WhatsApp is closed-source
Software is written in ‘source code’ which is readable and writable by humans, but it is distributed in the form of ‘machine code’, which is only understandable by processors. If you only have the machine code, it is difficult to determine what the software actually does – you are reliant on the developer to tell you.
‘Open-source’ refers to software that has source code – not just machine code – available, so that you (or a security researcher) can compile it to machine code yourself, and verify that the software does what it claims, and only what it claims. WhatsApp is not open-source.
What to Use Instead
Telegram is an open-source chat app developed by a non-profit and funded by Pavel Durov, the billionaire founder of Russia’s largest social network who is in self-imposed exile after refusing to censor posts about Ukraine.
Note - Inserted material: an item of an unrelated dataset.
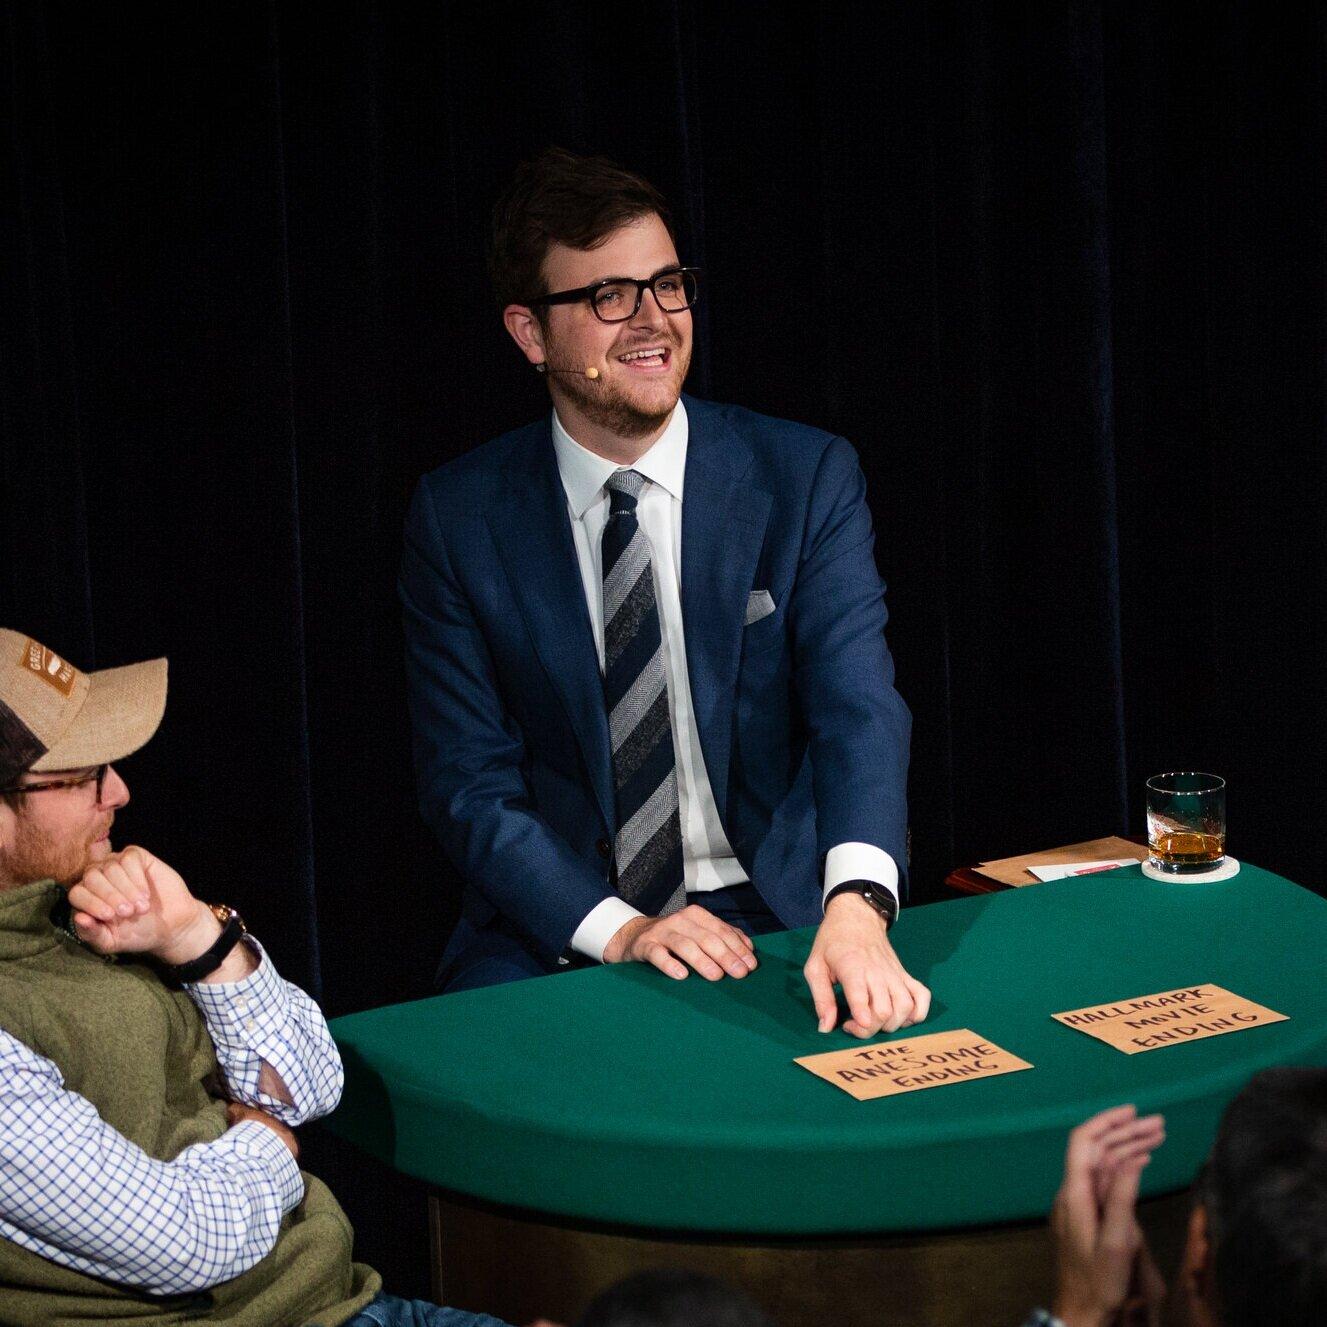 Ryan Plunkett - Thursday - Saturday Nights
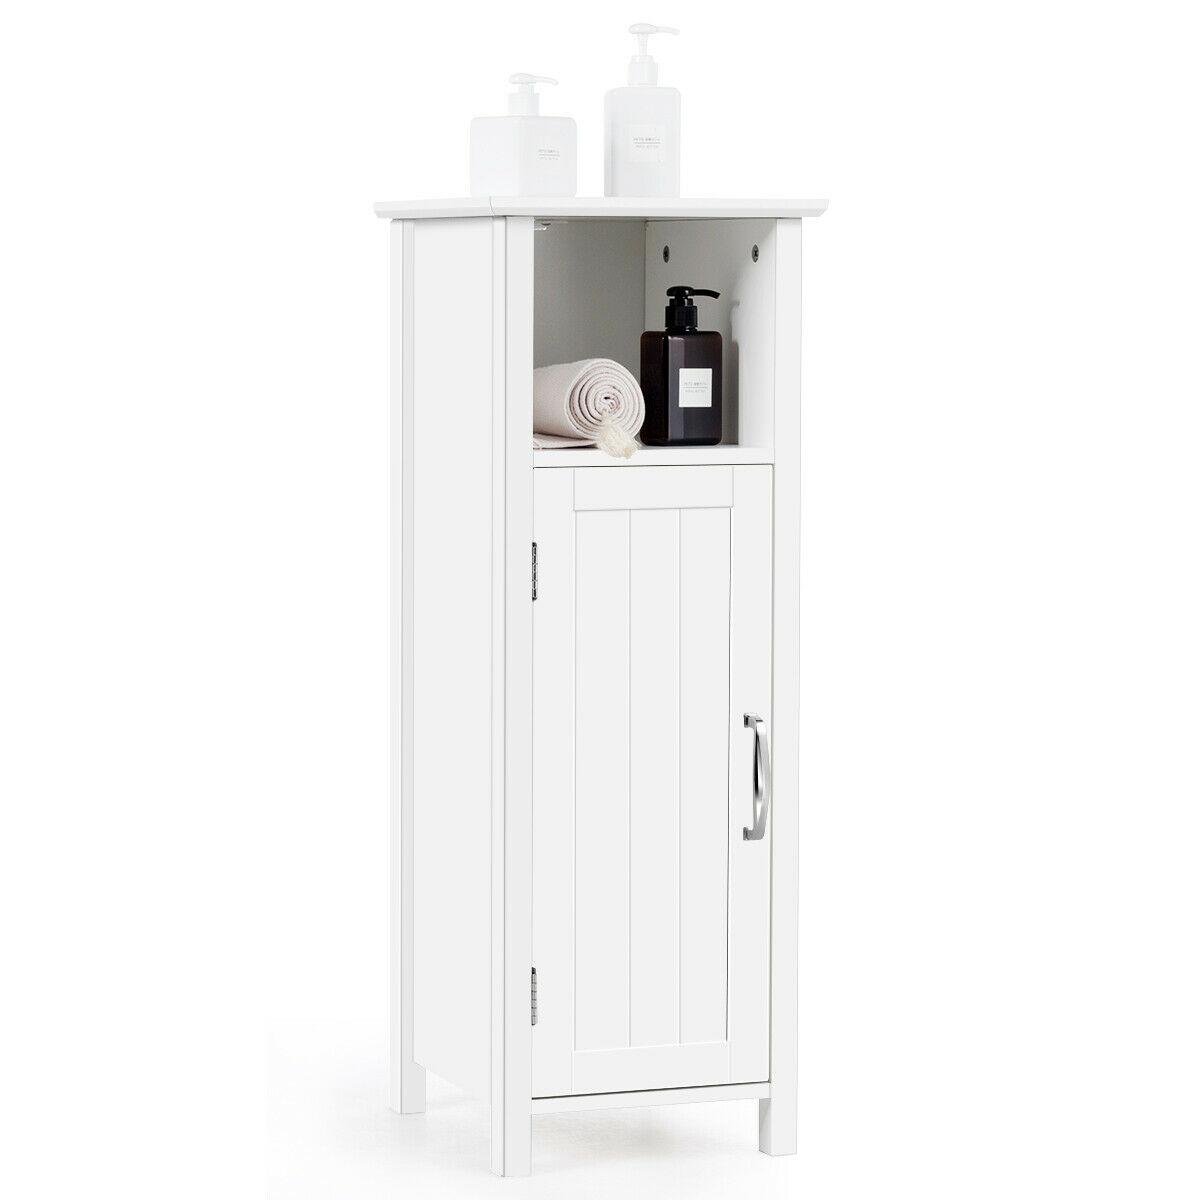 Gymax Bathroom Floor Storage Cabinet, Bathroom Floor Storage Cabinets

Telegram focuses on ease of use and syncs your messages to the cloud by default. It supports a web app and groups up to 200,000 members as well as free, unlimited file storage. Telegram has been widely used by activists in Hong Kong in hopes of avoiding surveillance and censorship by the Chinese Communist Party. Consequently, it has withstood3 numerous cyberattacks originating from mainland China, usually corresponding to major protests.
Signal is an open-source chat app developed by a non-profit and funded by a variety of charities as well as the United States government. Its code has been extensively audited by third-parties, and its protocol is essentially the undisputed gold standard for cryptographic security. In fact, the EFF notes that the best thing about WhatsApp is that, despite its lack of transparency and accountability, it adopted Signal’s communication protocol.